## DATASET EXCERPT
>>>
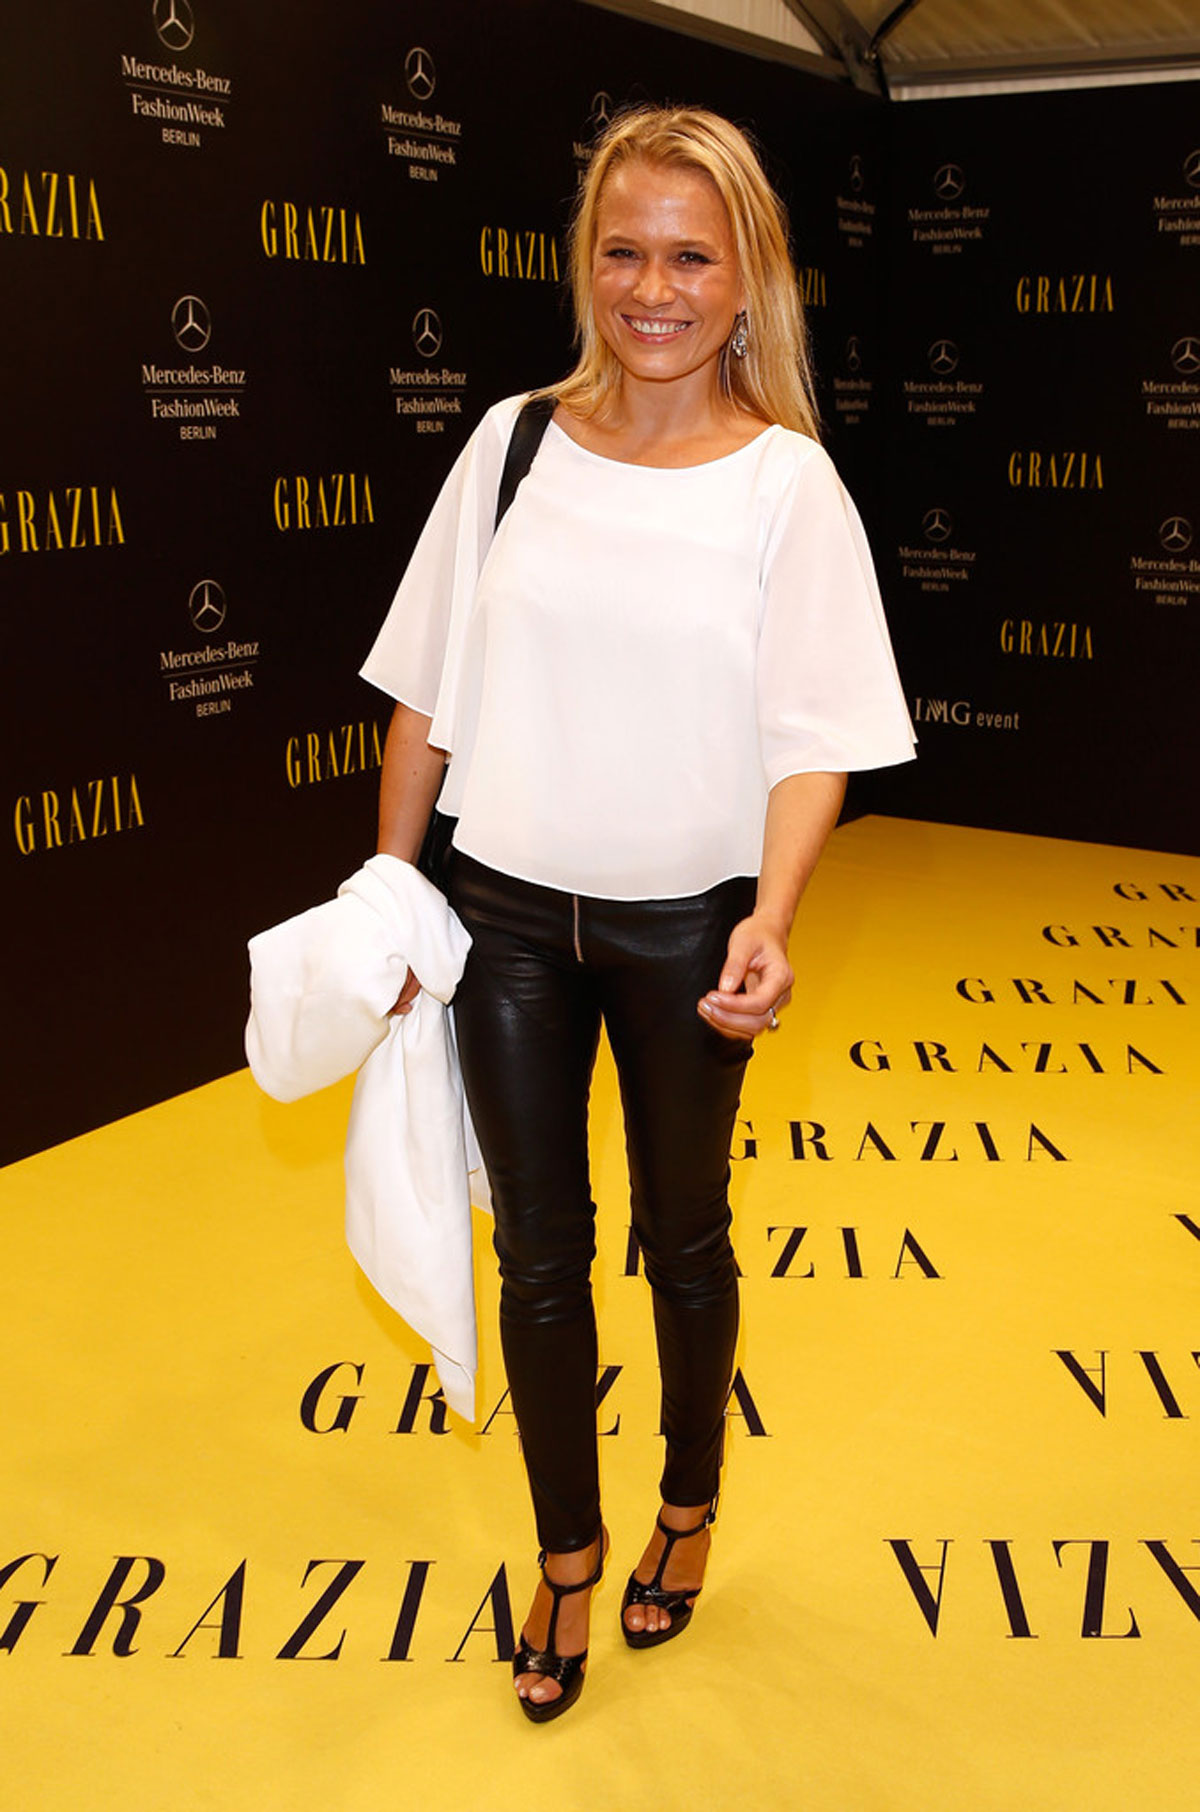 Nova Meierhenrich attends Opening Night by Grazia fashion show
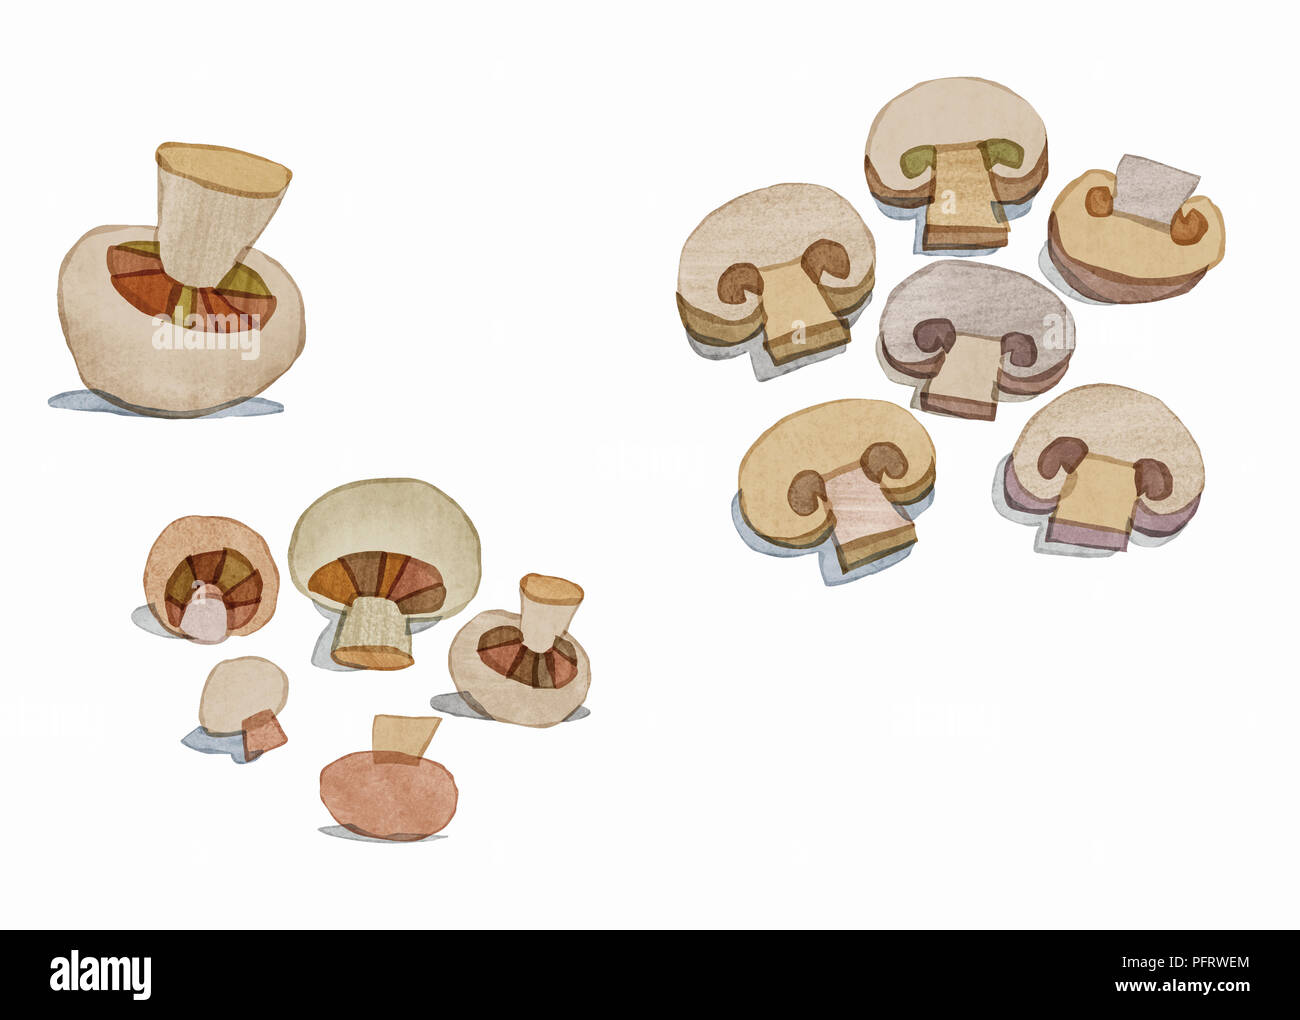 Illustration, Mushrooms, whole and sliced Stock Photo
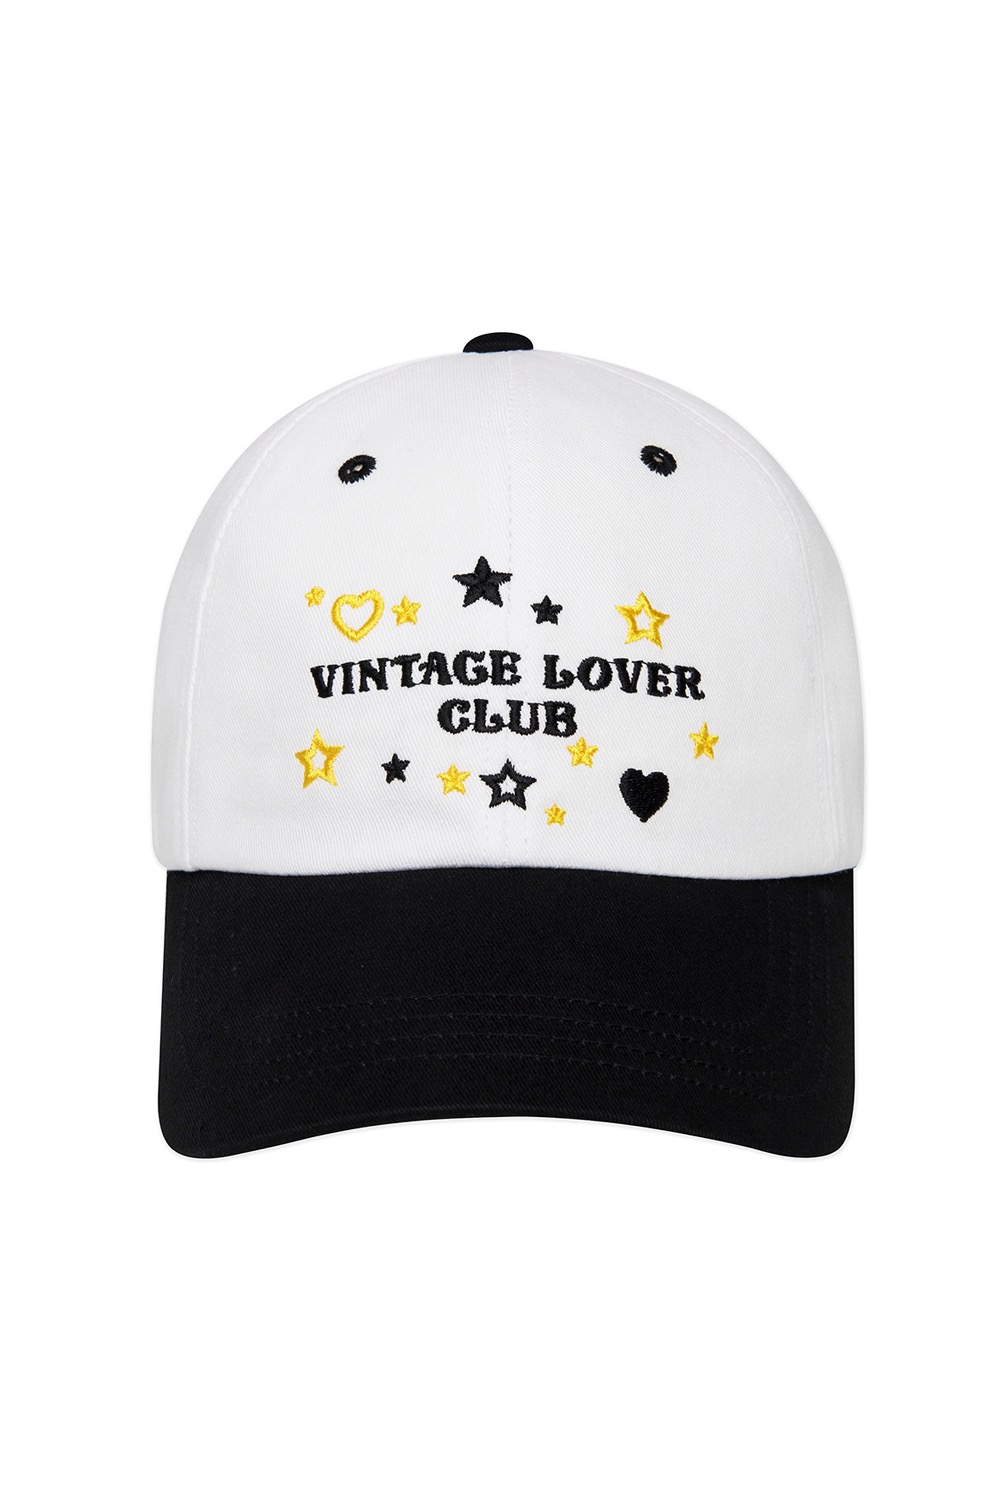 Vintage lover club ball cap(11/17 예약발송)
<<<
## AIM OF THE TASK
Go through the material above and repeat it exactly. Omit the pictures.

## EXERCISE SOLUTION
 Nova Meierhenrich attends Opening Night by Grazia fashion show
 Illustration, Mushrooms, whole and sliced Stock Photo
 Vintage lover club ball cap(11/17 예약발송)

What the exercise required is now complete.